Sometimes it seems to White Bear that nearly every one of the 8,000 people living on the Crow Reservation can name a loved one who is missing or dead. White Bear’s family alone has also lost Garret Stewart Jr., who disappeared at age 25 in 2013 and Hub Williamson, 34, in 2019. Neither of their bodies has been found. A family search party eventually located the body of 14-year-old Henny Scott in 2018. The coroner said she died of hypothermia.
“It’s a lot of pain for one little reservation,” White Bear said. “And it’s even harder to know it’s not only happening here.”
Across the country, Native Americans make up a disproportionate share of missing and murdered persons cases. Researchers found that between 2011 and September 2020, 710 indigenous people were reported missing in Wyoming. And, between 2000 and 2020, 21 percent of all homicides in the state were of Indigenous victims, although they make up only 3 percent of the population.
Such data are hard to come by. Most states have no database of missing Indigenous persons, leading experts to believe that the reality is even more grim than estimated. In 2021, Montana became one of the only states in the country to fund a clearinghouse of missing Indigenous persons, organized by reservation. During a two-week stretch this August, at least 10 Native American children — ages 11 to 17 — were reported missing in Montana. In a statement, a state Department of Justice spokesperson called it “typical of what we’ve seen in previous years.”

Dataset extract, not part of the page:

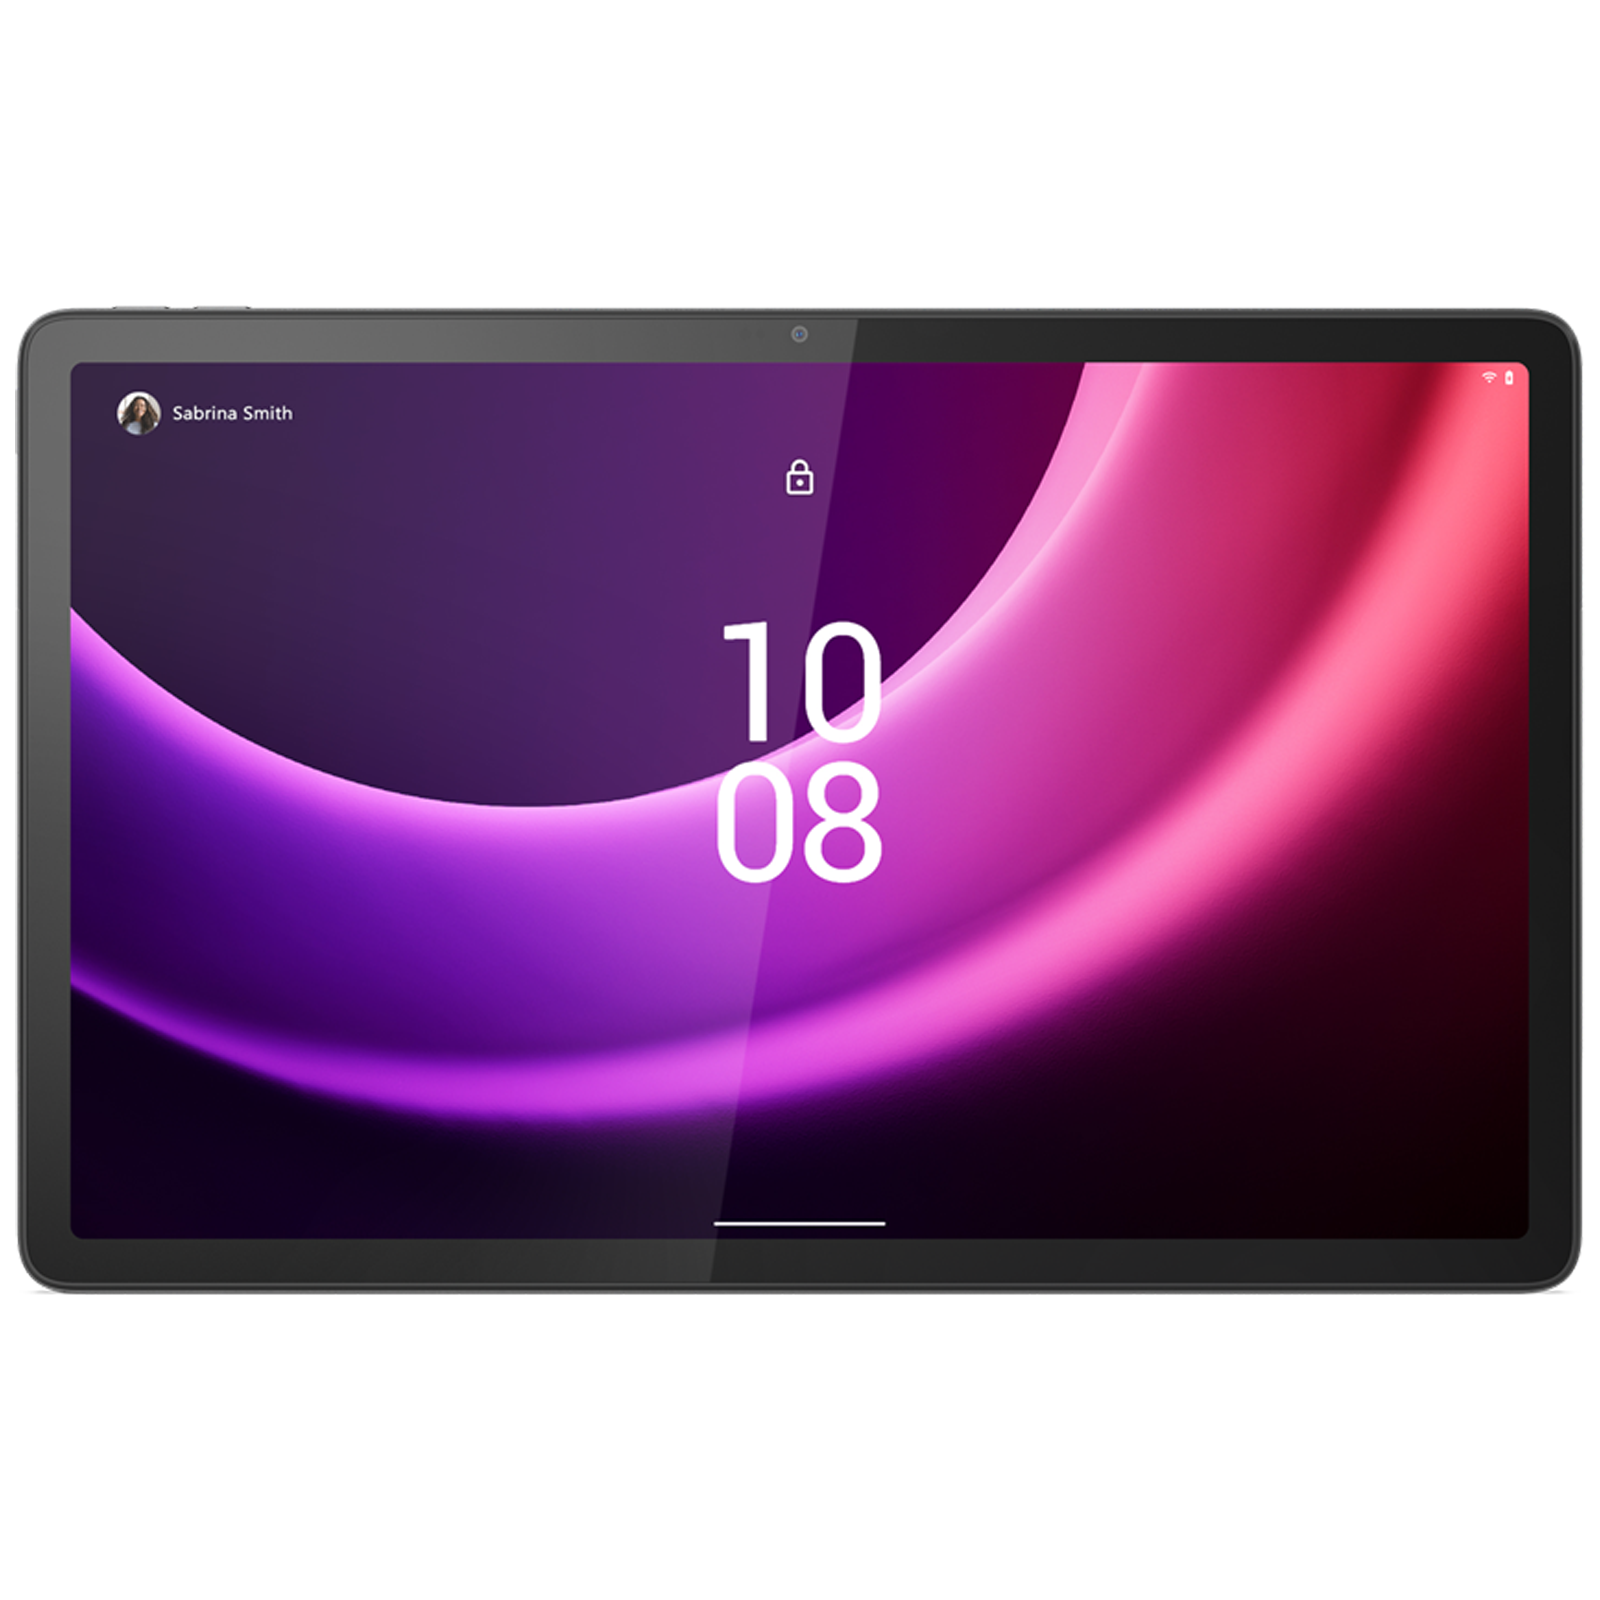 Tablet - TCL TAB 10 4G, Gris, 32 GB, 10,1  HD, 3 GB RAM, MediaTek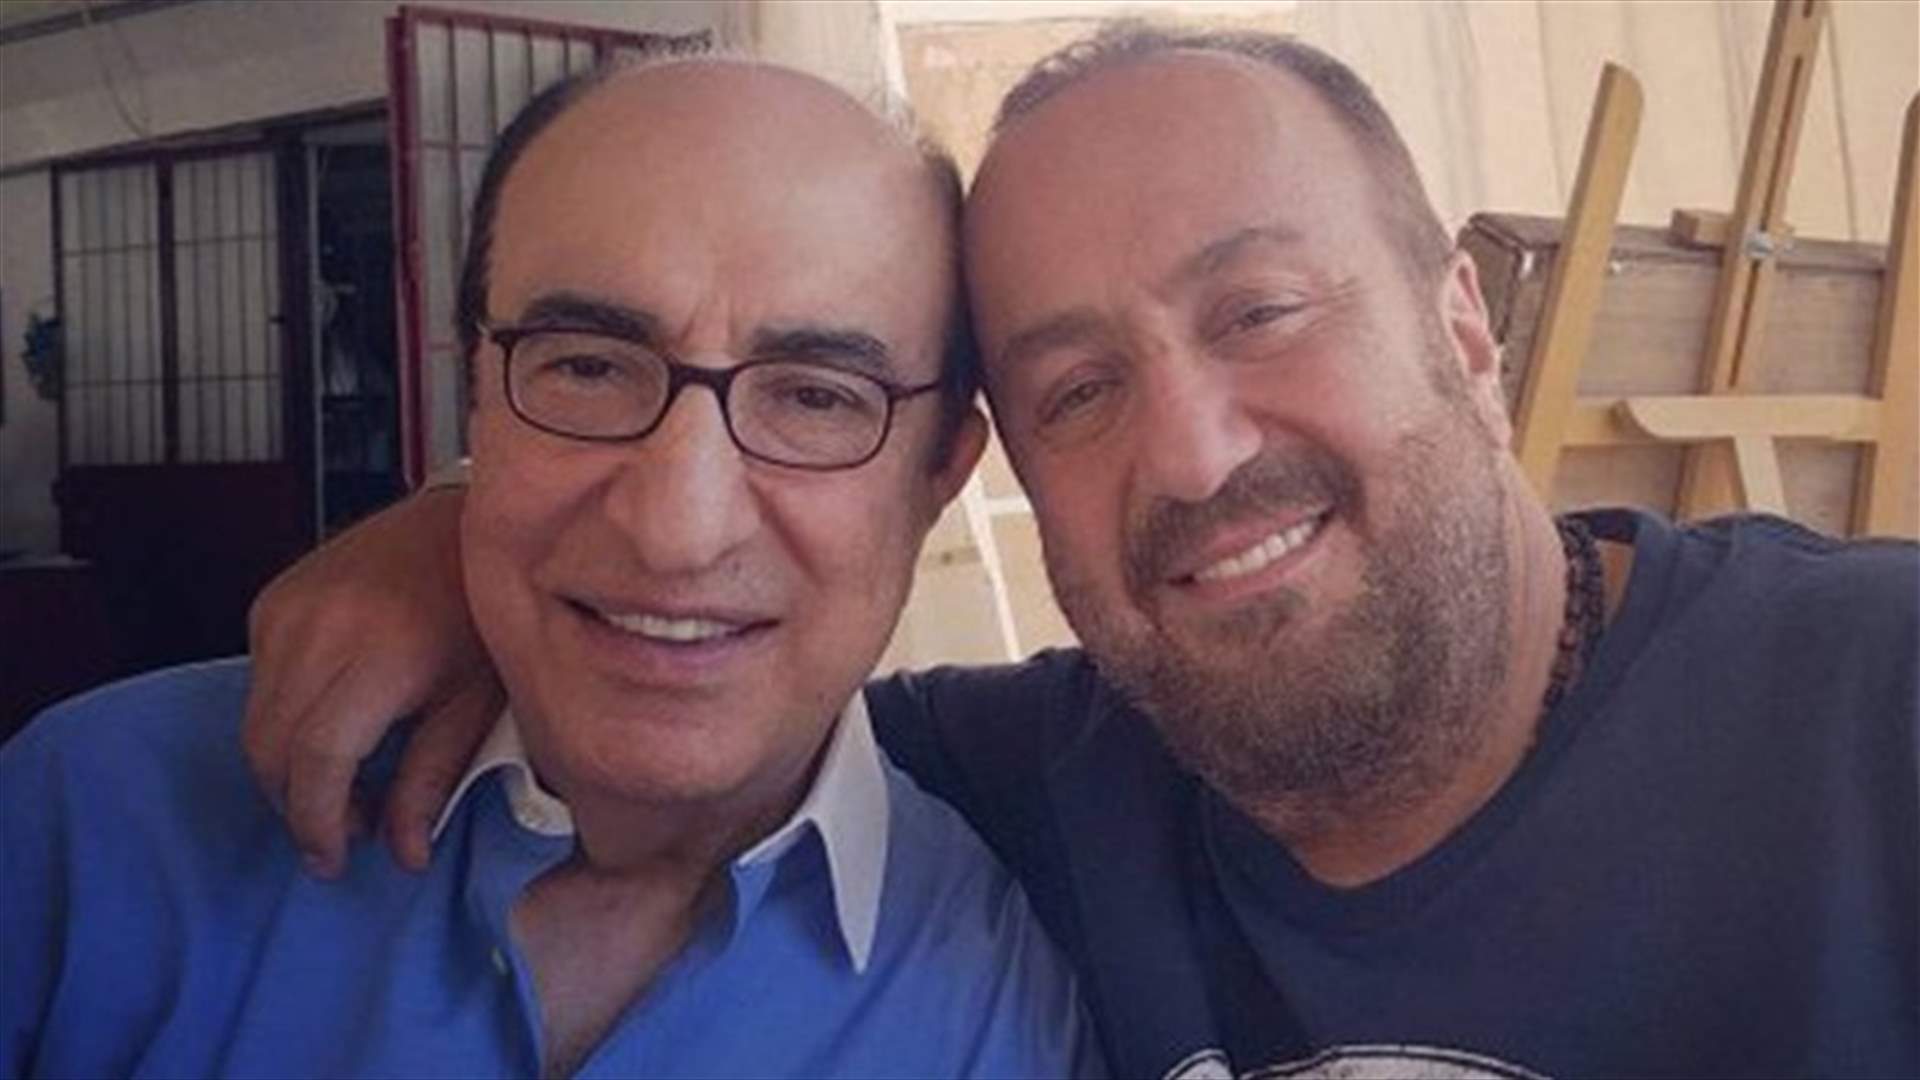 غسان الرحباني يستذكر لحظاته الأخيرة مع والده الياس الرحباني قبل نقله الى المستشفى: &quot;بتخاف من بيّك اللي بتحبو&quot;

On my way to meet White Bear that morning, I kept thinking about New Bedford’s Jalajhia Finklea, an 18-year-old member of the Mashpee Wampanoag Tribe. She had a triangle scar on her left cheek and tiny unruly curls poked out when her hair was pulled back tight. She hoped her voice, a honey-like soprano, would be her ticket to a singing career. I never had the chance to meet Finklea and only got to know her by reporting on her disappearance around Thanksgiving of 2020. So many had dismissed her as a rogue teen running off with an older man. When authorities found her body in a field off Interstate 95 in Fellsmere, Fla., she’d been shot twice.
Academic studies have repeatedly found that the murders of white persons, especially women and children, are covered far more extensively by the media than the disappearances of persons of color.
“Would it be this way if she was born somewhere else? I don’t know,” White Bear said. “I feel the same hurt that any parent feels when their child goes missing. You can’t sleep, can’t eat, can’t think. It’s a pain that just doesn’t seem to want to go away. I think the only way I can let her go in peace is if I know exactly what happened to her. But nobody but me is asking any questions and nobody else is willing to give answers.”